_Task to carry out_: Nothing but the lines from the one containing "Pin by Doenting" through the last line of the data below should be returned, each exactly as it stands, pictures excluded.

==== Exercise data ====

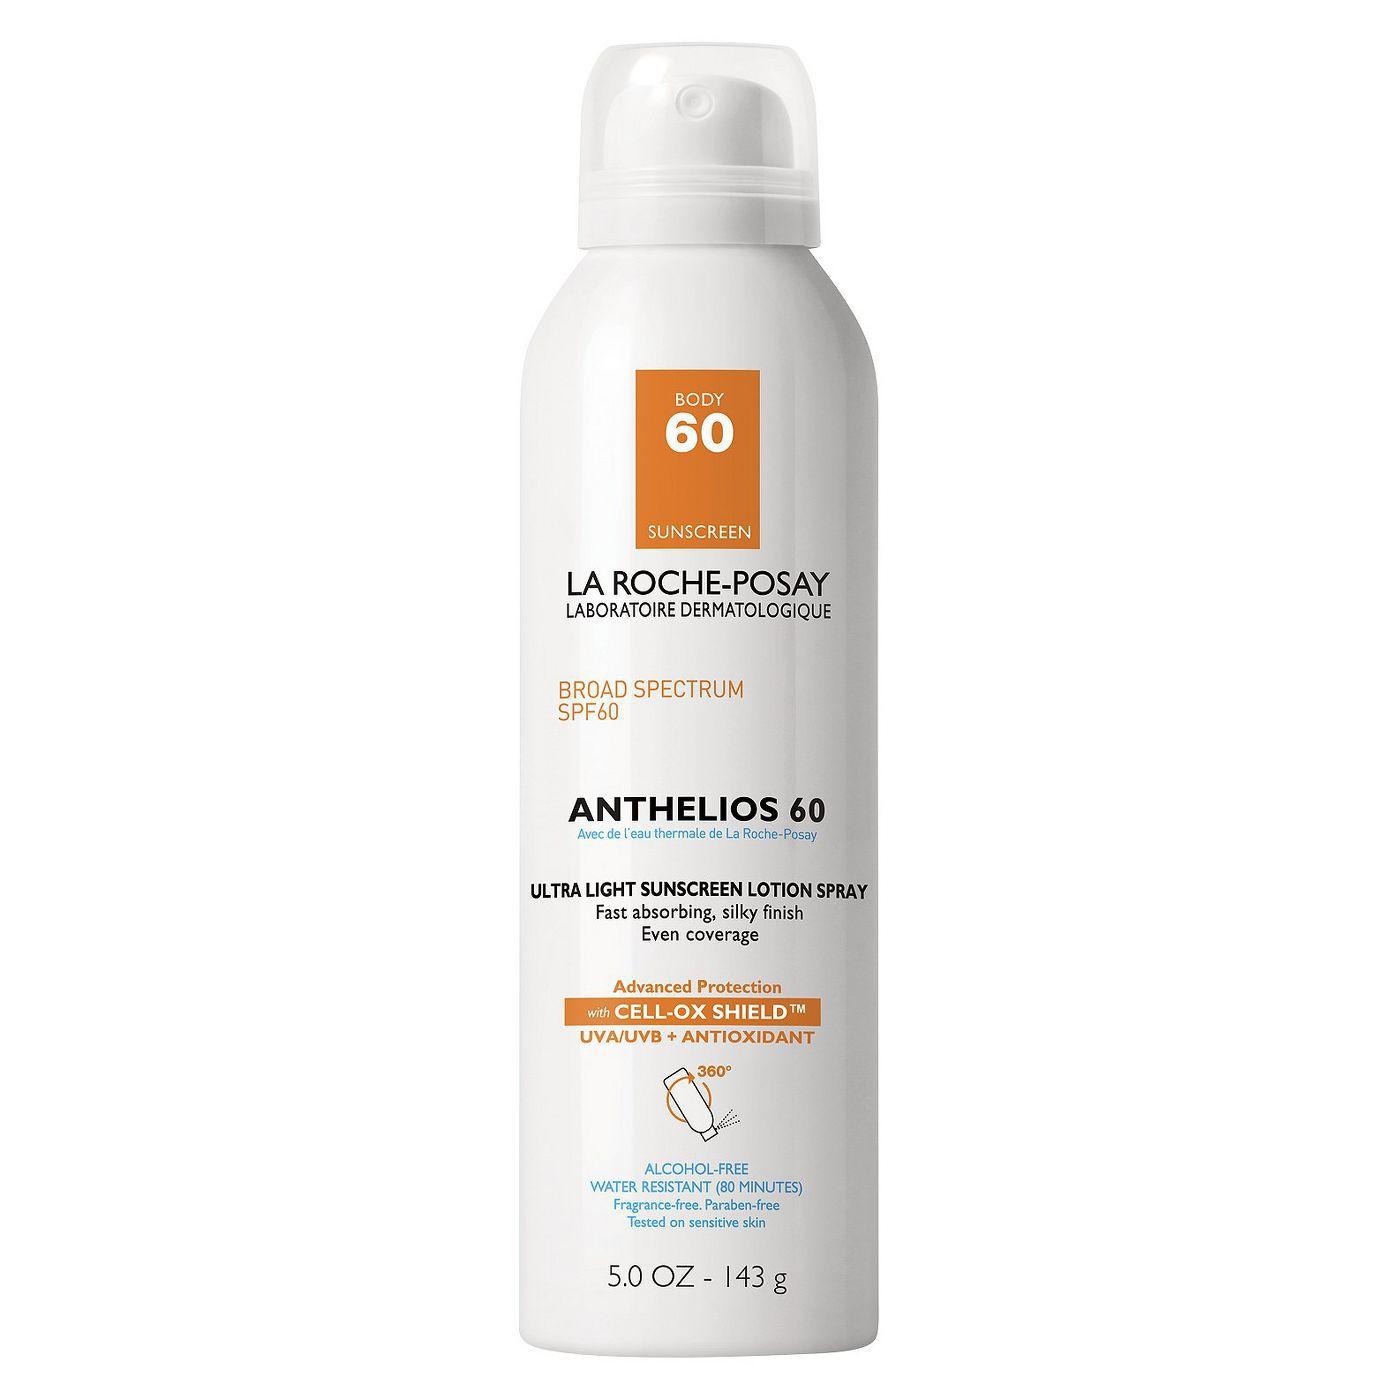 La Roche Posay Anthelios Ultra Light Sunscreen Spray Lotion
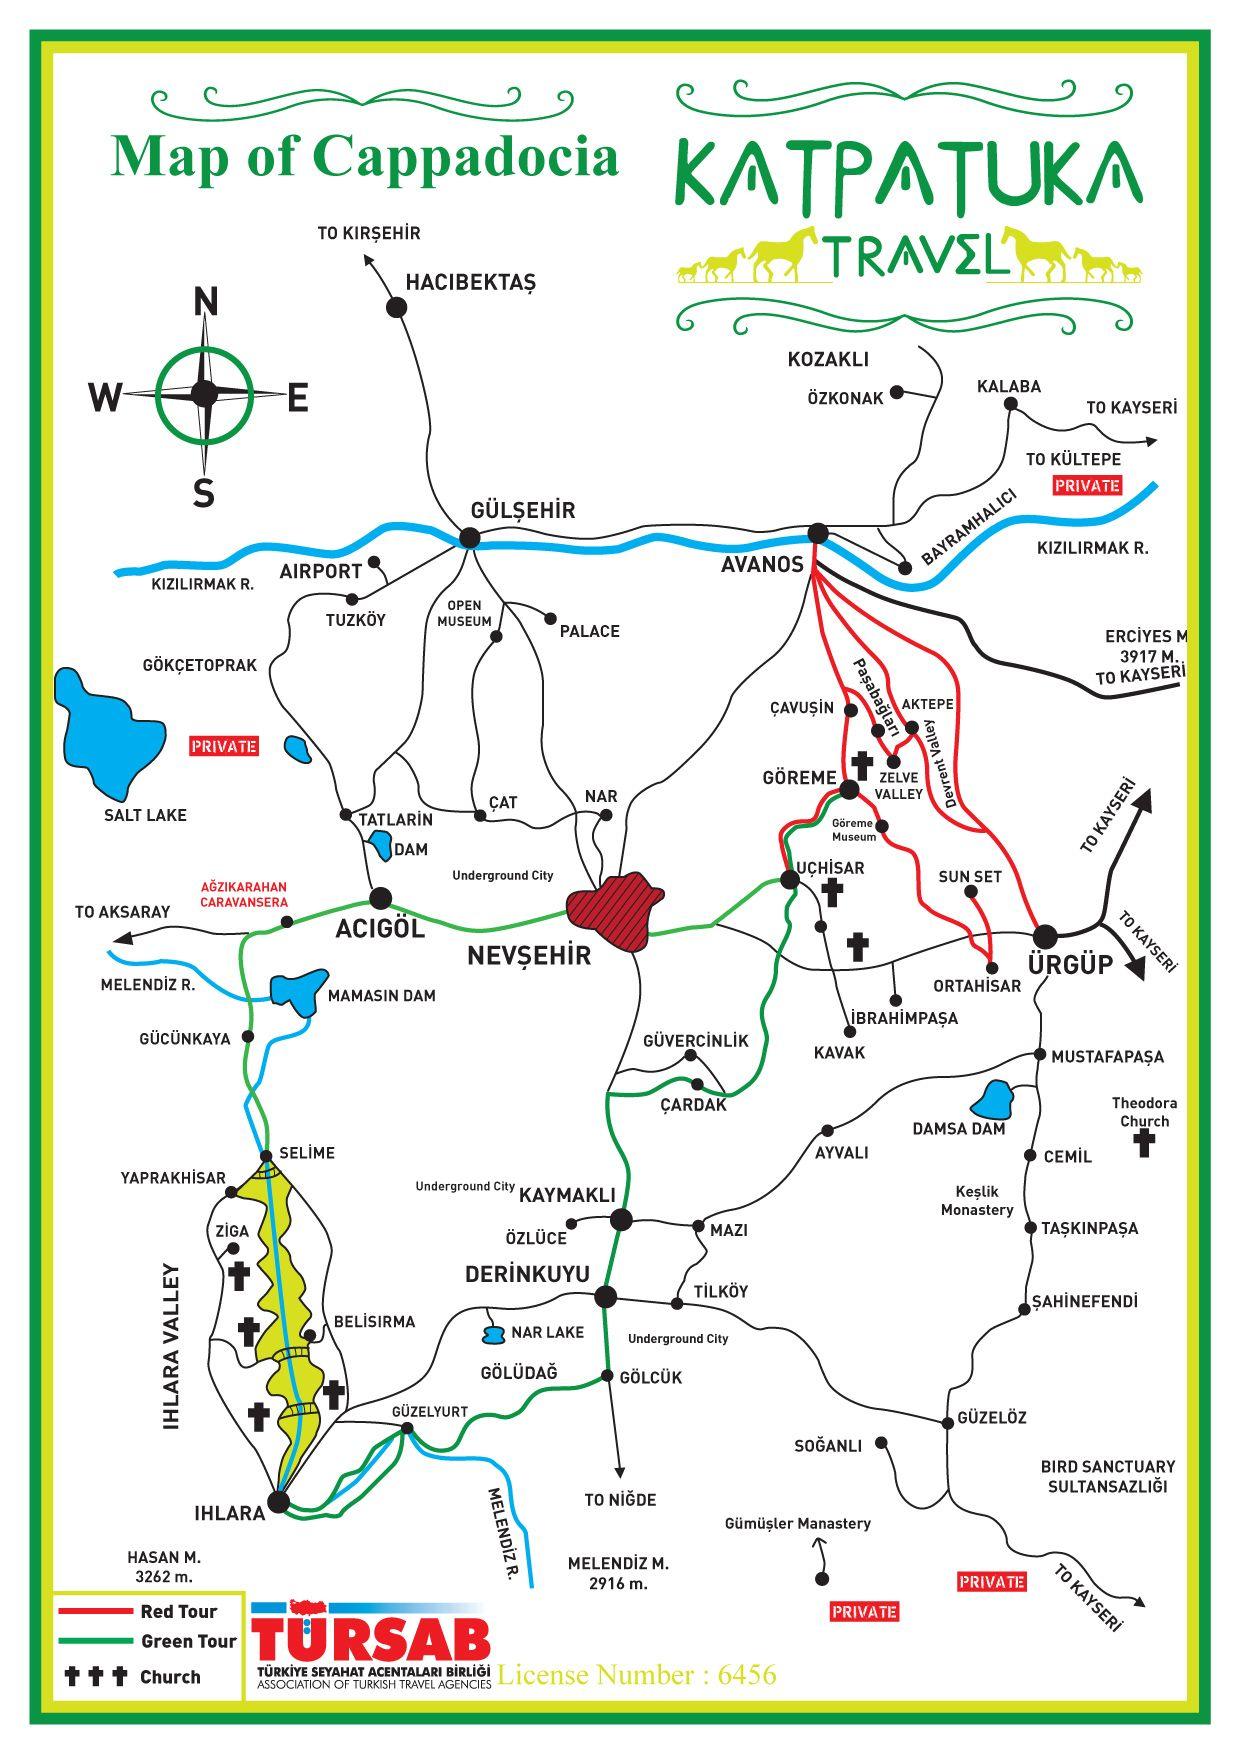 Pin by Doenting Cappadocia on Cappadocia Maps | Turkey ... Cappadocia Map on ardahan map, ankara map, dolmabahce palace map, pamukkale map, carpathian mountains map, anatolia map, turkey map, tatev monastery map, kayseri map, lycian sea map, macedonia map, bitlis map, nevsehir pazar map, cilicia map, underground city, mount nemrut, campania map, pontus map, troy map, goreme map, mount ararat, derinkuyu underground city, phthia map, ephesus map,
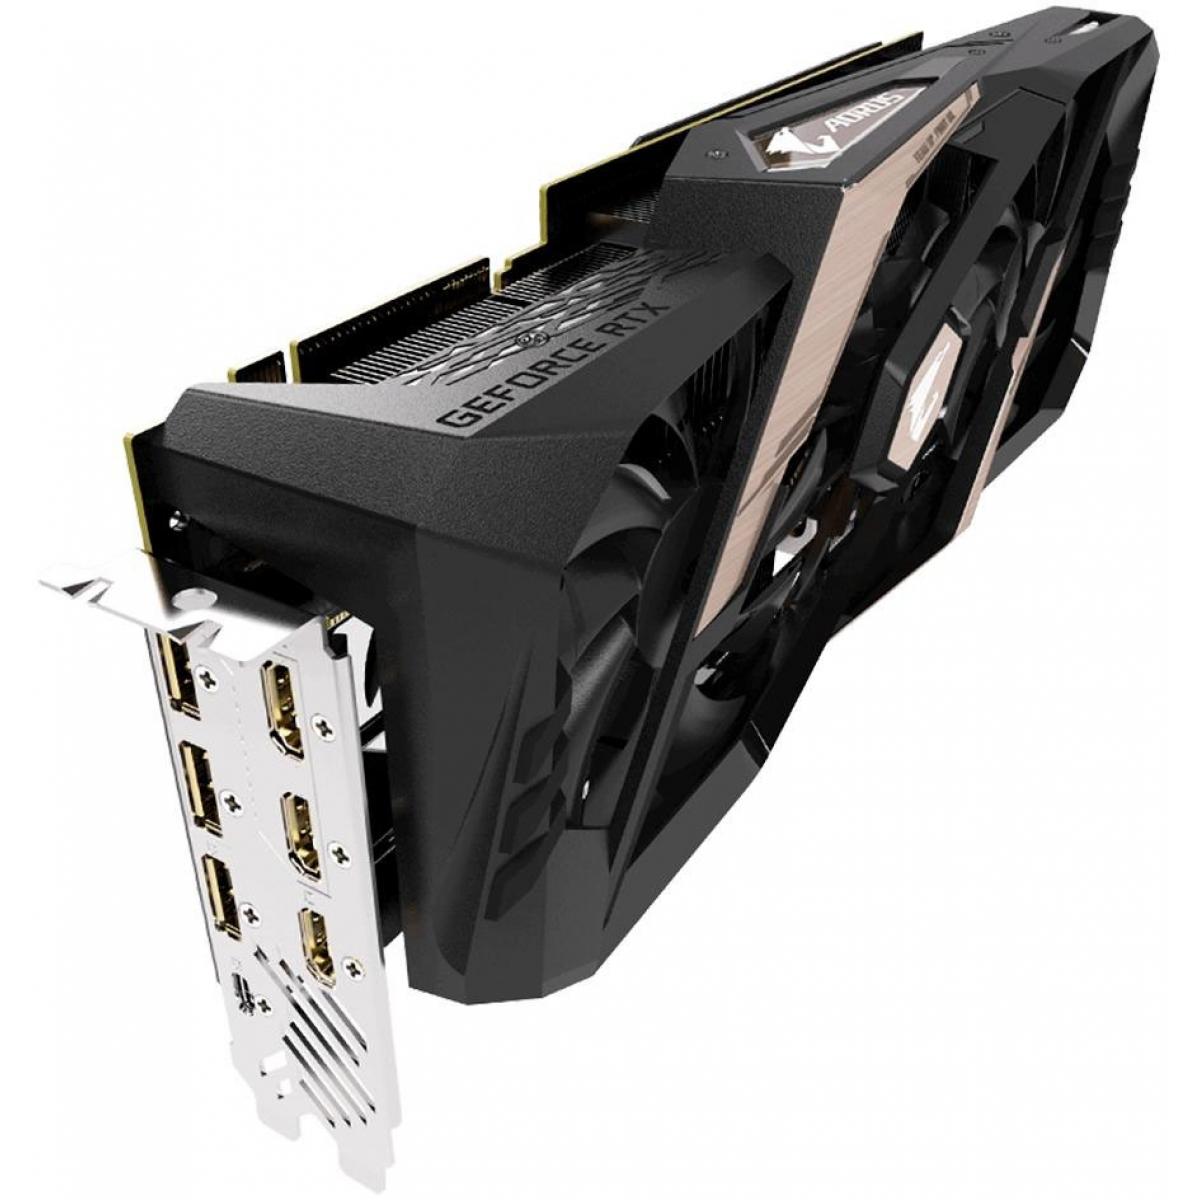 Placa de Video Gigabyte GeForce RTX 2080 Aorus, 8GB GDDR6, 256Bit
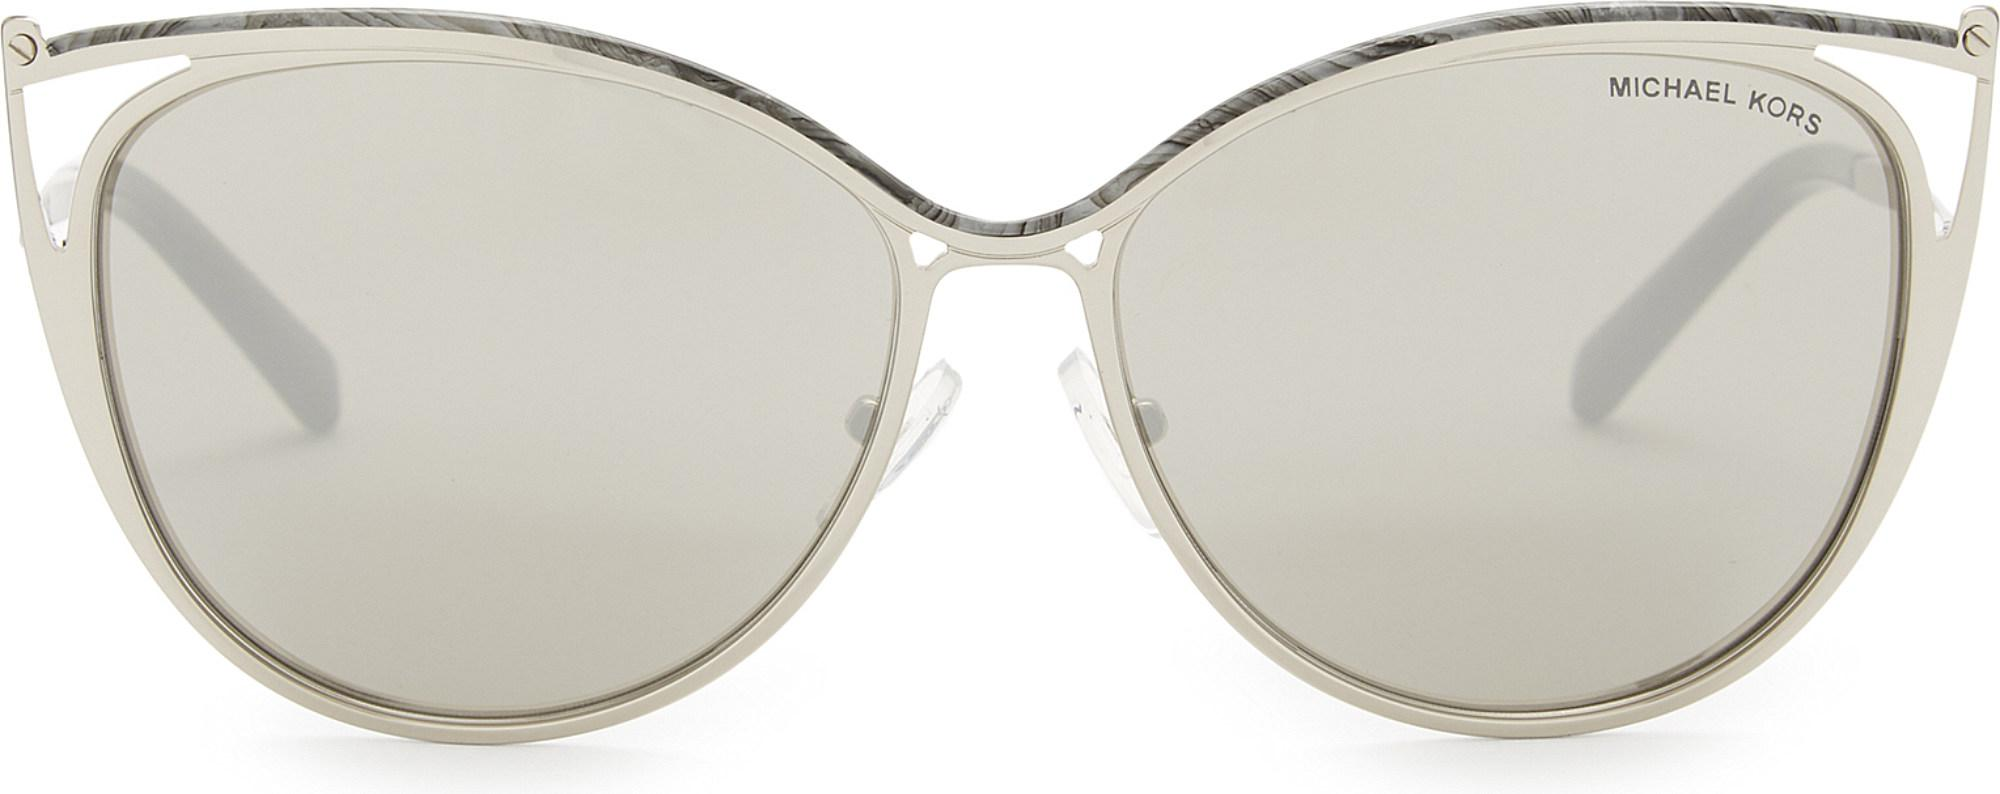 e4ea33f769274 Lyst - Michael Kors Mk1020 Cat-eye Sunglasses in Gray

====

_Answer space_:
 Pin by Doenting Cappadocia on Cappadocia Maps | Turkey ... Cappadocia Map on ardahan map, ankara map, dolmabahce palace map, pamukkale map, carpathian mountains map, anatolia map, turkey map, tatev monastery map, kayseri map, lycian sea map, macedonia map, bitlis map, nevsehir pazar map, cilicia map, underground city, mount nemrut, campania map, pontus map, troy map, goreme map, mount ararat, derinkuyu underground city, phthia map, ephesus map,
 Placa de Video Gigabyte GeForce RTX 2080 Aorus, 8GB GDDR6, 256Bit
 e4ea33f769274 Lyst - Michael Kors Mk1020 Cat-eye Sunglasses in Gray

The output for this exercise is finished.